Task description. Go to the line with "1 peso - Guama" in the material below and copy from there through the line with "Global logistics network Nohar to Delhi", exactly. Pictures are not copied.

Given information START

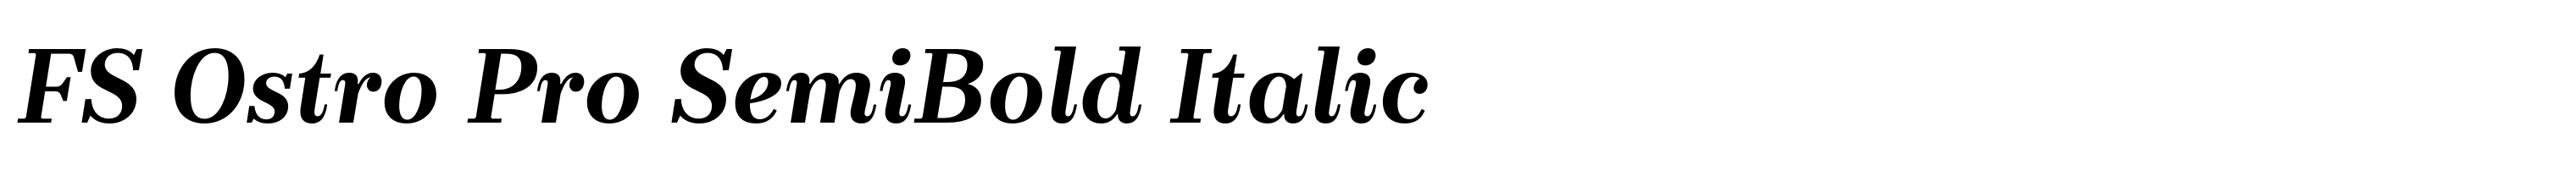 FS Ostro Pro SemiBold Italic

Given information END
Given information START

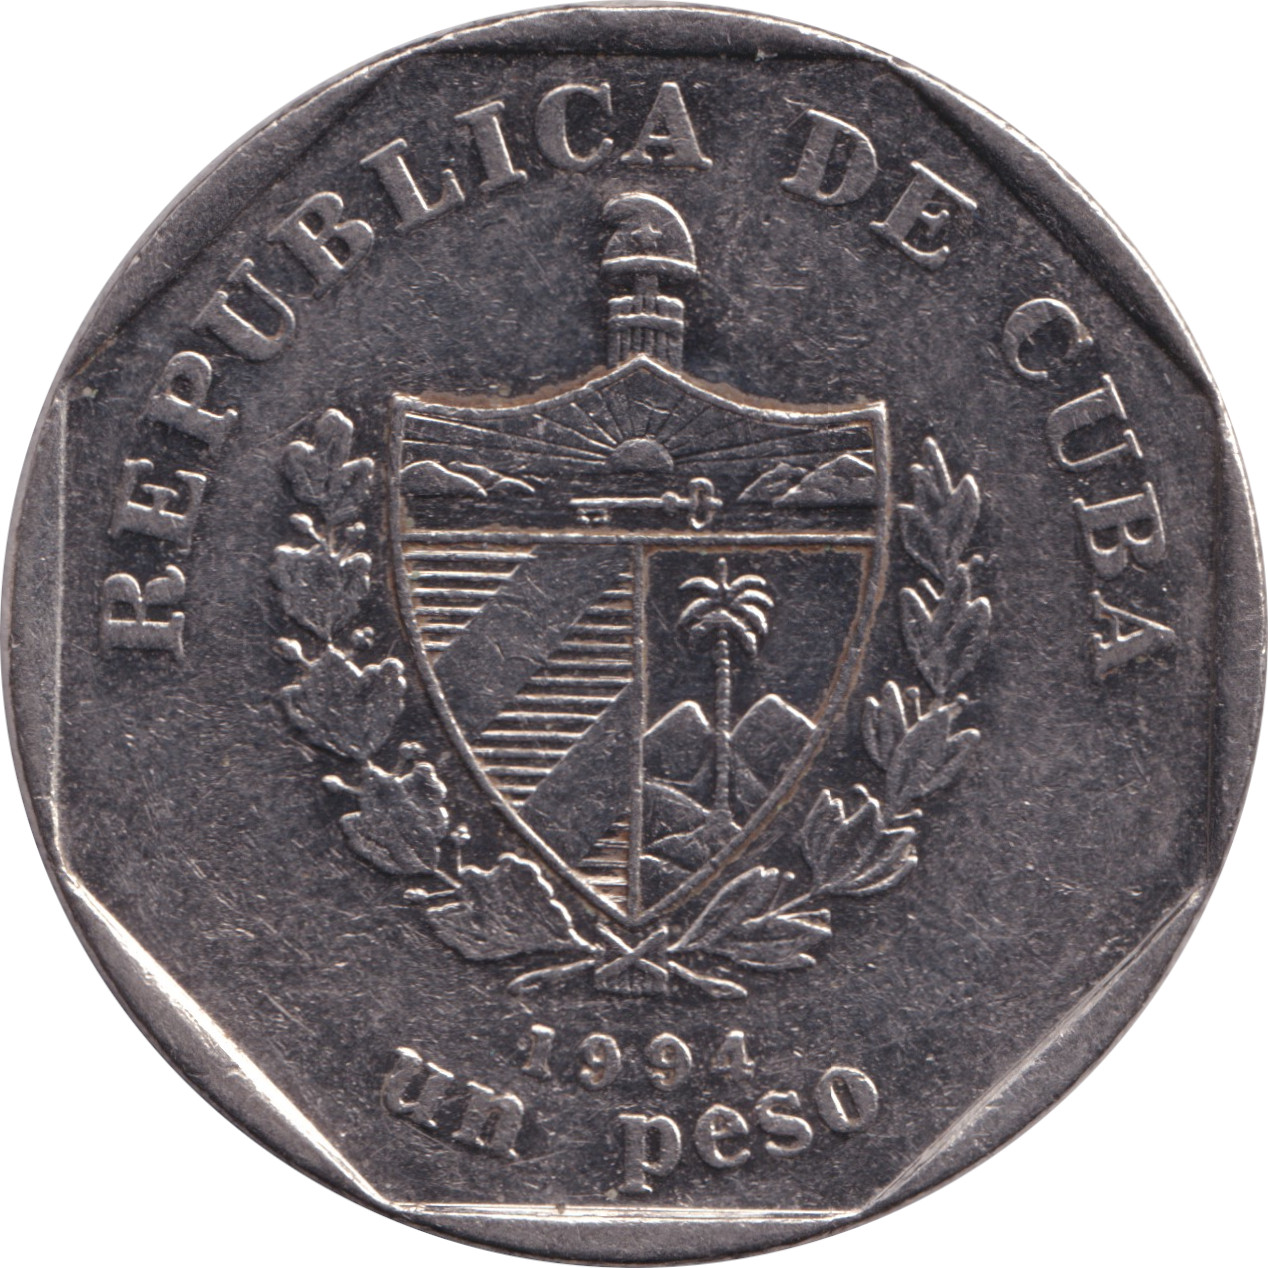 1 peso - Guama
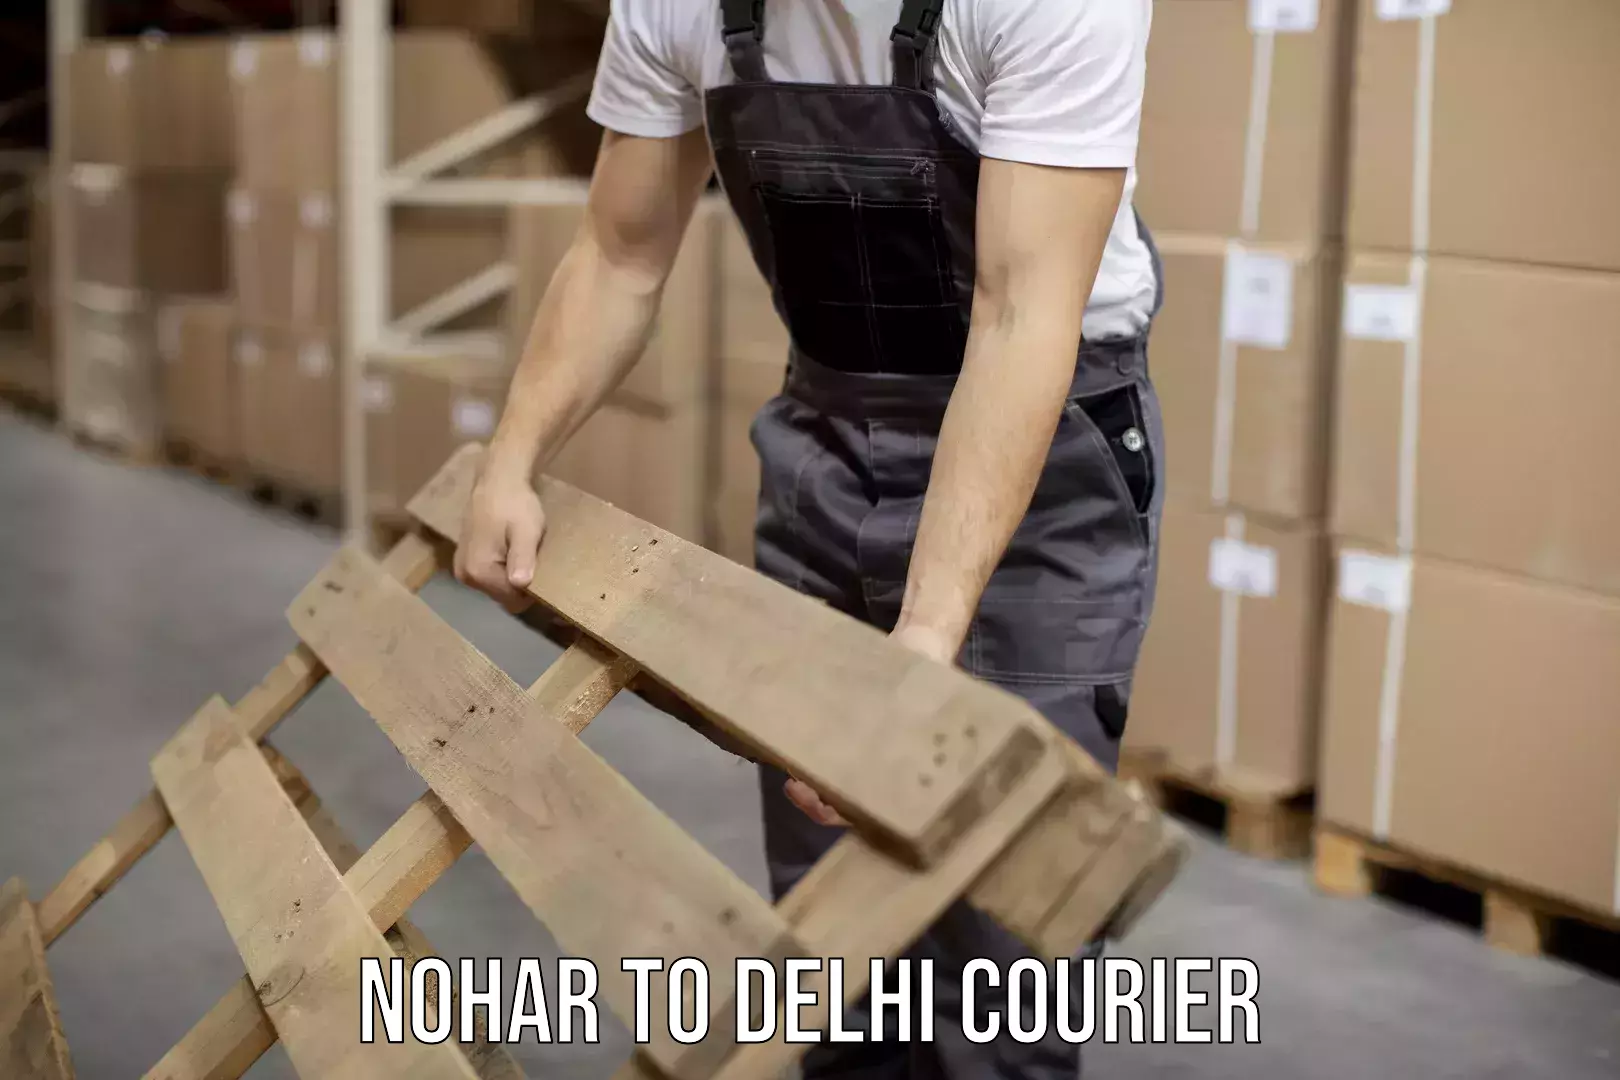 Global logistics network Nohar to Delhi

Given information END
Given information START

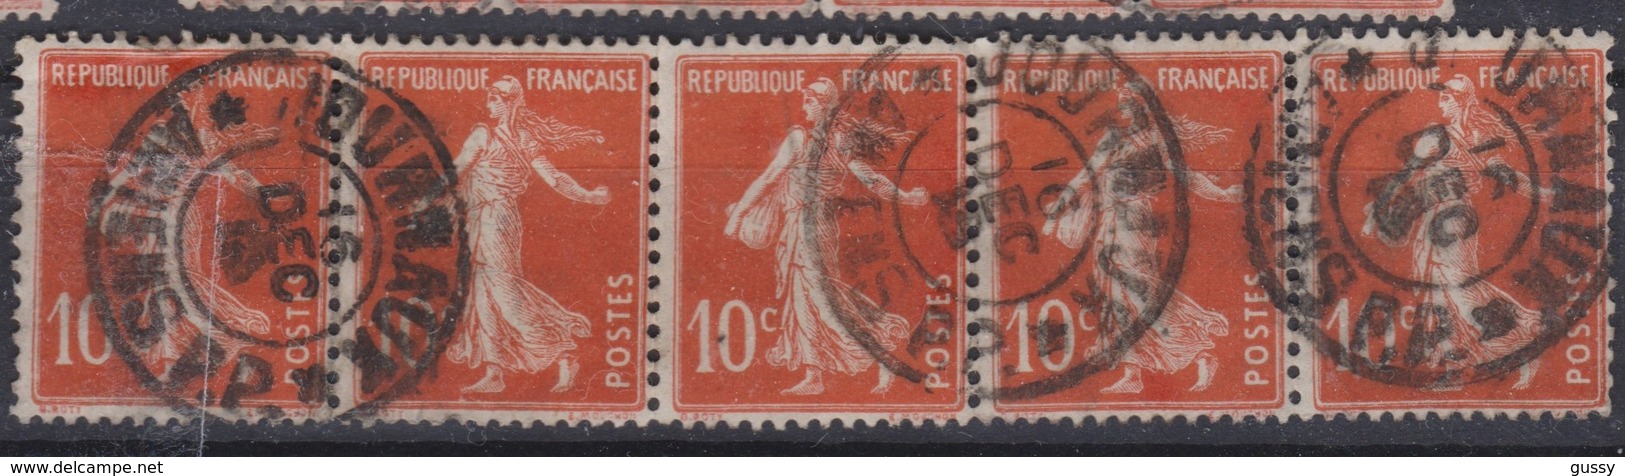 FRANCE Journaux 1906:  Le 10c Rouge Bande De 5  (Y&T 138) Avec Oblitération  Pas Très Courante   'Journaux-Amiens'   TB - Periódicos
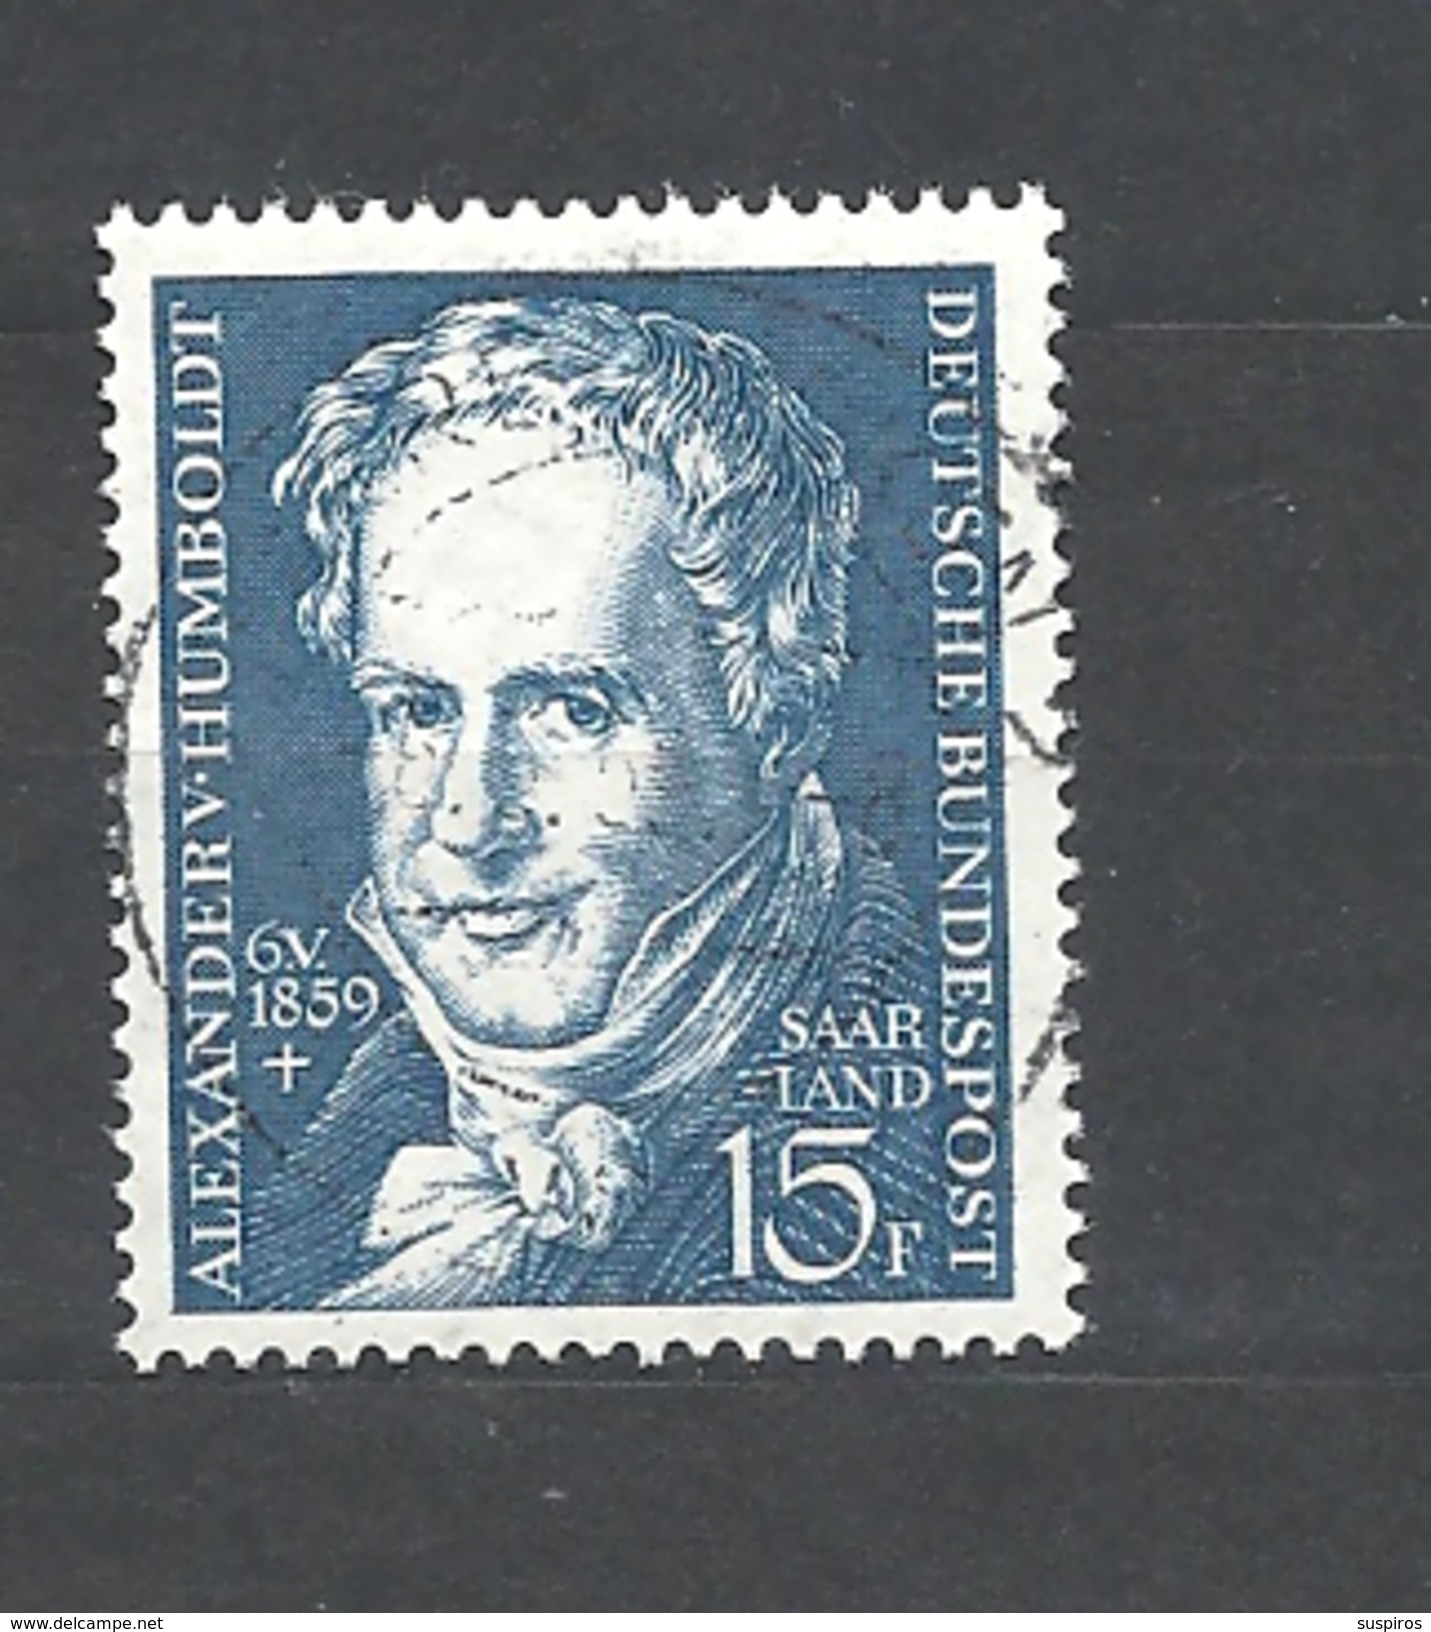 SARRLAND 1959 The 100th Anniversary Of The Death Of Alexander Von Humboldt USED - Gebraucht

Given information END

Solution below.
 1 peso - Guama
 Global logistics network Nohar to Delhi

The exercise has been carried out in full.